The whole benefit of an exokernel is that you 1) don't have to patch the kernel (partly because if EVERYBODY trying to do an exokernel-style optimization patched the kernel, they would have huge design conflicts and/or a slower kernel trying to handle all the possibilities, and 2) the lower-level /dev/sda style access is still secure.

If you find that the exo-kernel is inefficient (e.g. you want to bypass the "meta-file system in kernel" thing in Xok) then you're still stuck with doing kernel patches and/or using lower level "/dev/sda" style access. Also note that patching a (monolithic) kernel is more likely to benefit other processes (even processes that were written 10 years ago and nobody has touched since) than to cause design conflicts and/or slower kernels.

Rusky wrote:
Brendan wrote:That's just plain silly - rather than having one piece of code managing file systems/file permissions you end up with code duplicated at multiple levels (in the kernel and in the library) doing the same thing.

It looks like Xok avoided this by having all file systems implemented in the kernel (using a "pseudo-RISC assembly language" as a safe way to add extensibility to the kernel's file system support).
Nope. Xok only put the file system permission code (which only exists in one place) in the kernel (through the "pseudo-RISC" stuff). The rest of the file system code (deciding when and where to load which blocks) is in libOSes. Their basic premise is that because file system data structures already describe block permissions, the kernel just needs a way to interpret that.

Most of the file system's code is maintaining file/directory information and figuring out which blocks correspond to which files/directories. It doesn't matter if your kernel is only using part of the file/directory information (e.g. the permissions and not the other metadata) you're still doing a large amount of the work that a file system has to do.

Rusky wrote:Honestly, I would replace the bytecode shenanigans with trusted loadable modules. You lose the ability for any arbitrary program to implement its own file system (it needs permission to load a kmod), but you keep all the real optimization opportunities for accurate prefetching, disk block placement, etc.

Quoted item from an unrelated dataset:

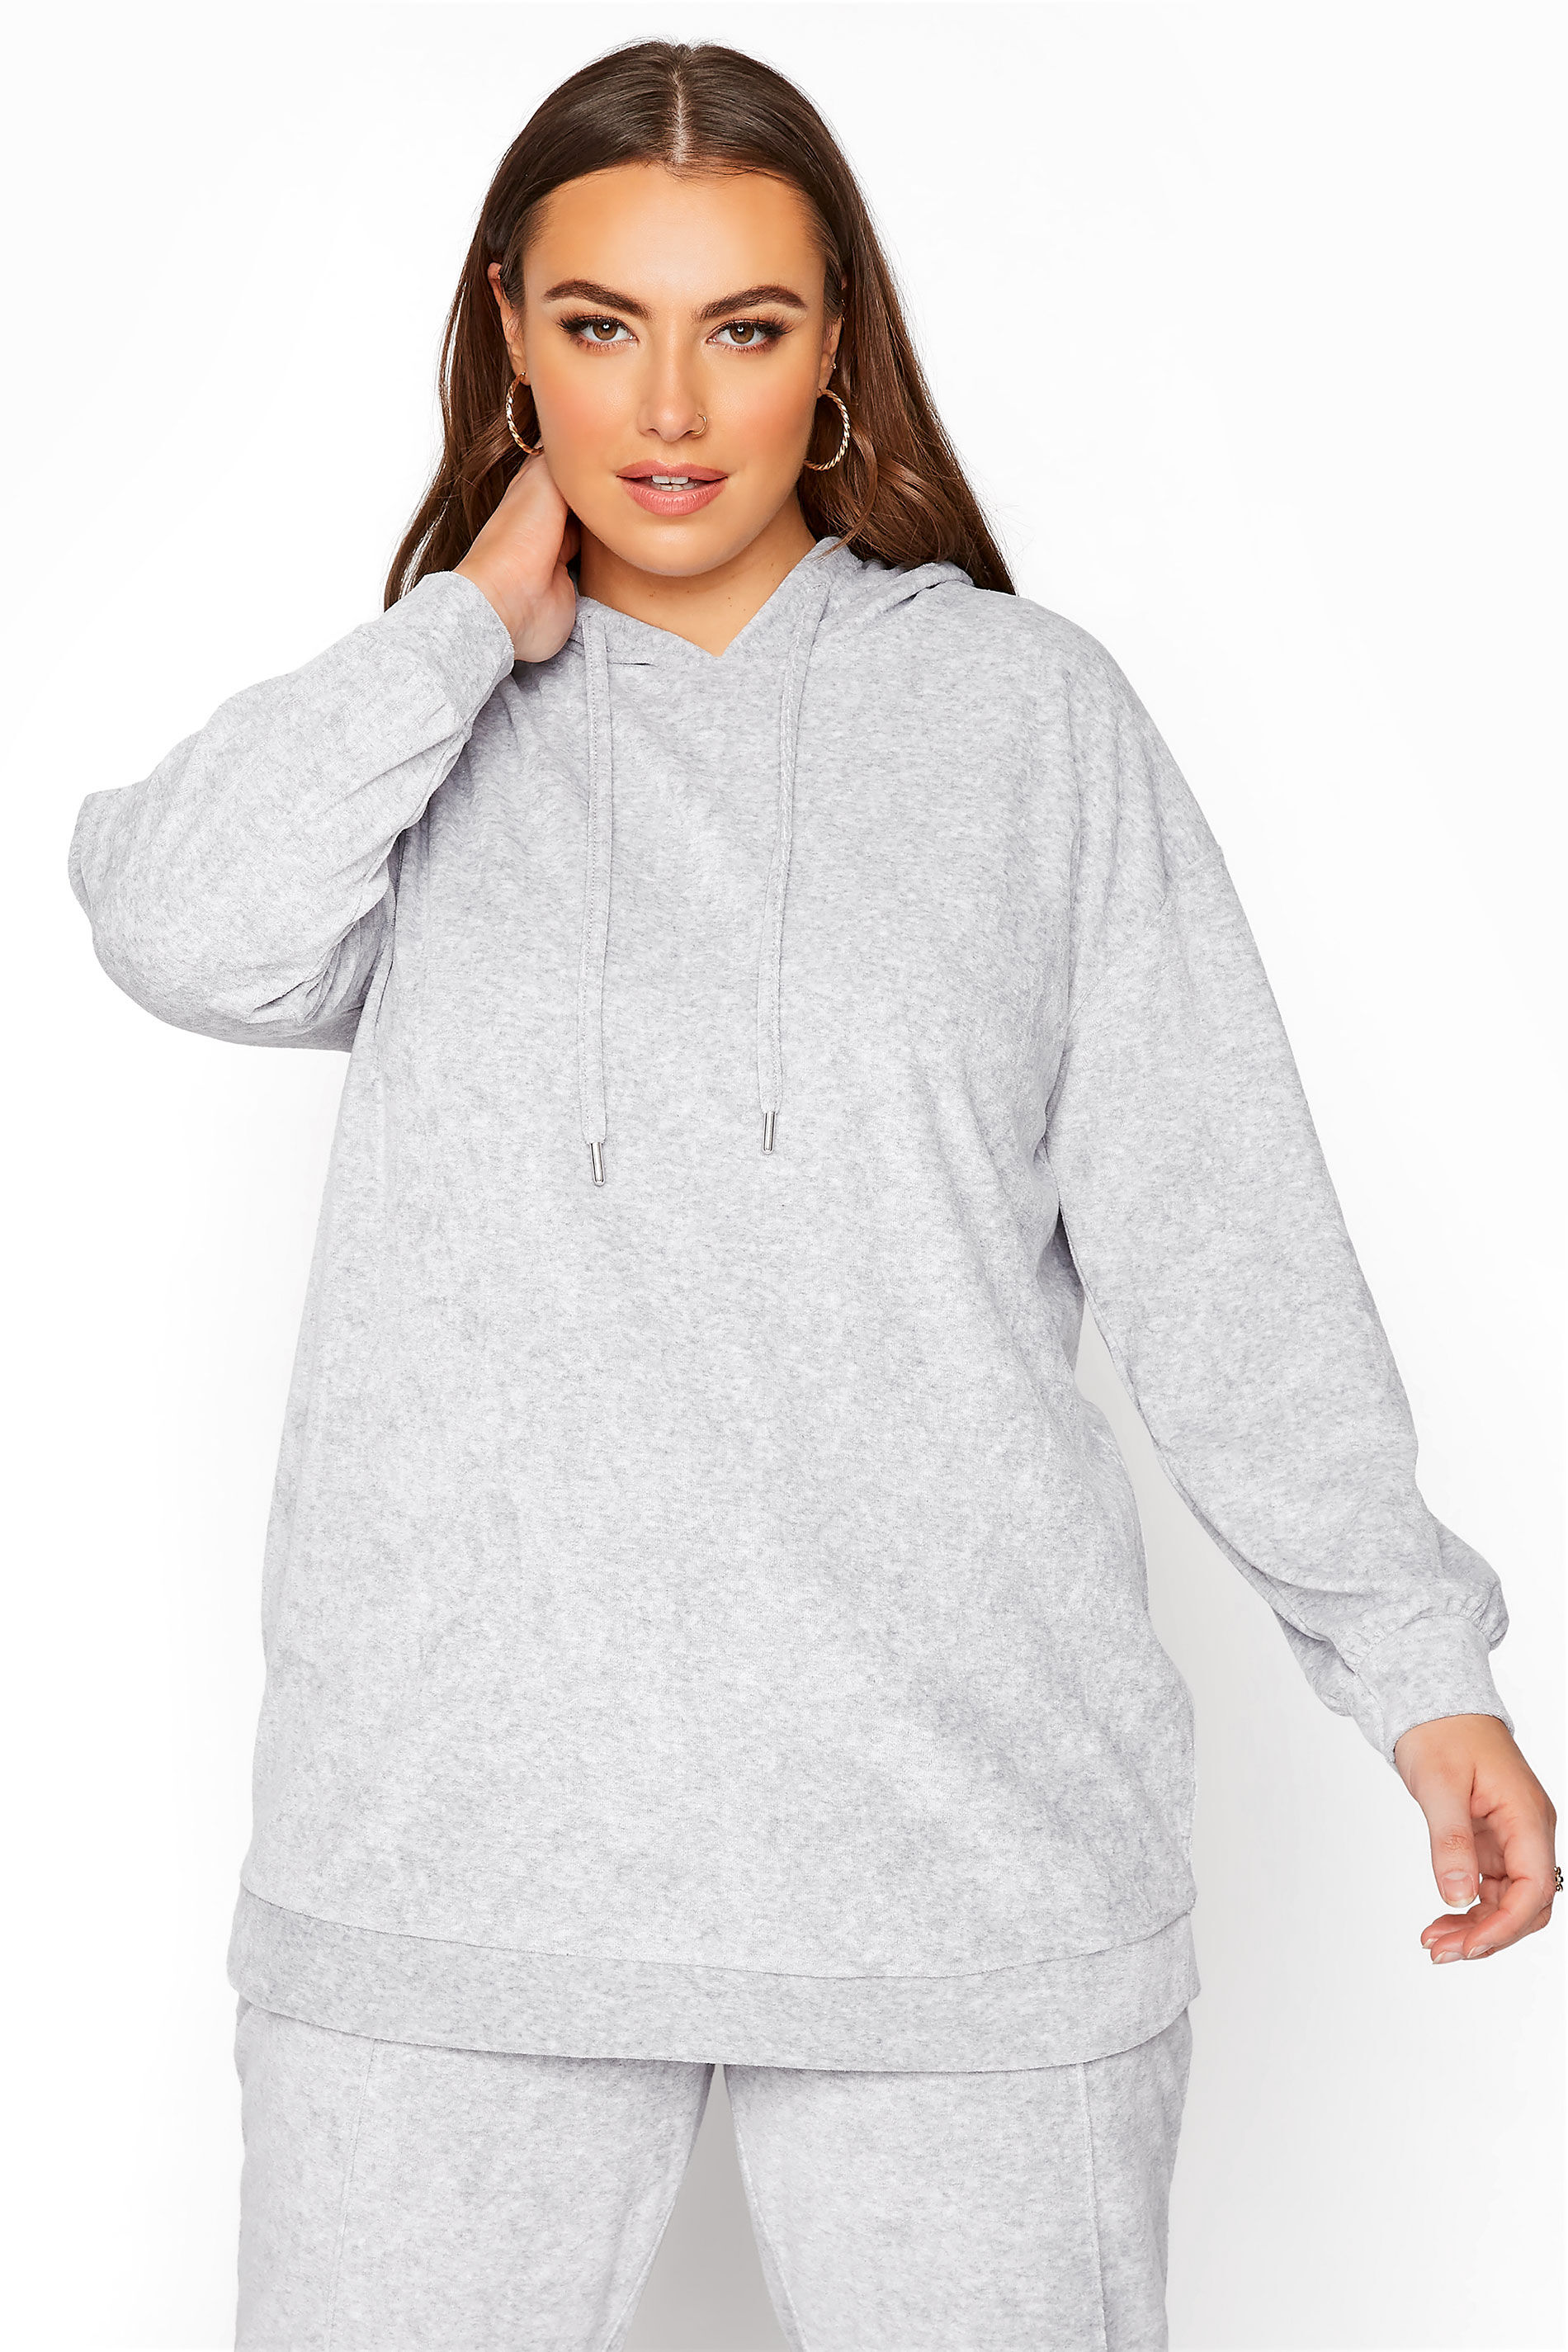 Yours Clothing Plus size grey marl velour sweat hoodie 22-24

Agreed. Of course "trusted loadable modules" is what most micro-kernels and monolithic kernels use to support file systems. I'd say the single largest problem here is the design of old interfaces - e.g. processes not being able to use "standard hints" to effect things like disk block placement, IO priorities, etc. For a simple example, to open a file for writing you should probably have to provide an "expected resulting file size", plus some flags (if you expect the file to be appended to later, if the file will be read often, if the file is unlikely to be modified after its created, etc); so that the file system code can make better decisions about things like disk placement.

Actually; that's probably the single largest benefit of exo-kernels - avoiding problems caused by "crusty old APIs".

Cheers,

Brendan

Rusky · Post by **Rusky** » Mon Feb 17, 2014 5:24 pm

So, I think you have some misconceptions about what an exokernel is. In the MIT papers, they implement a UNIX interface on top of their exokernel, and then simply re-link existing applications. These applications have the same safety guarantees, and they often have better performance. Then, they implement some applications that bypass traditional all-things-to-all-people abstractions, including the Cheetah webserver, that improve performance by a factor of 8.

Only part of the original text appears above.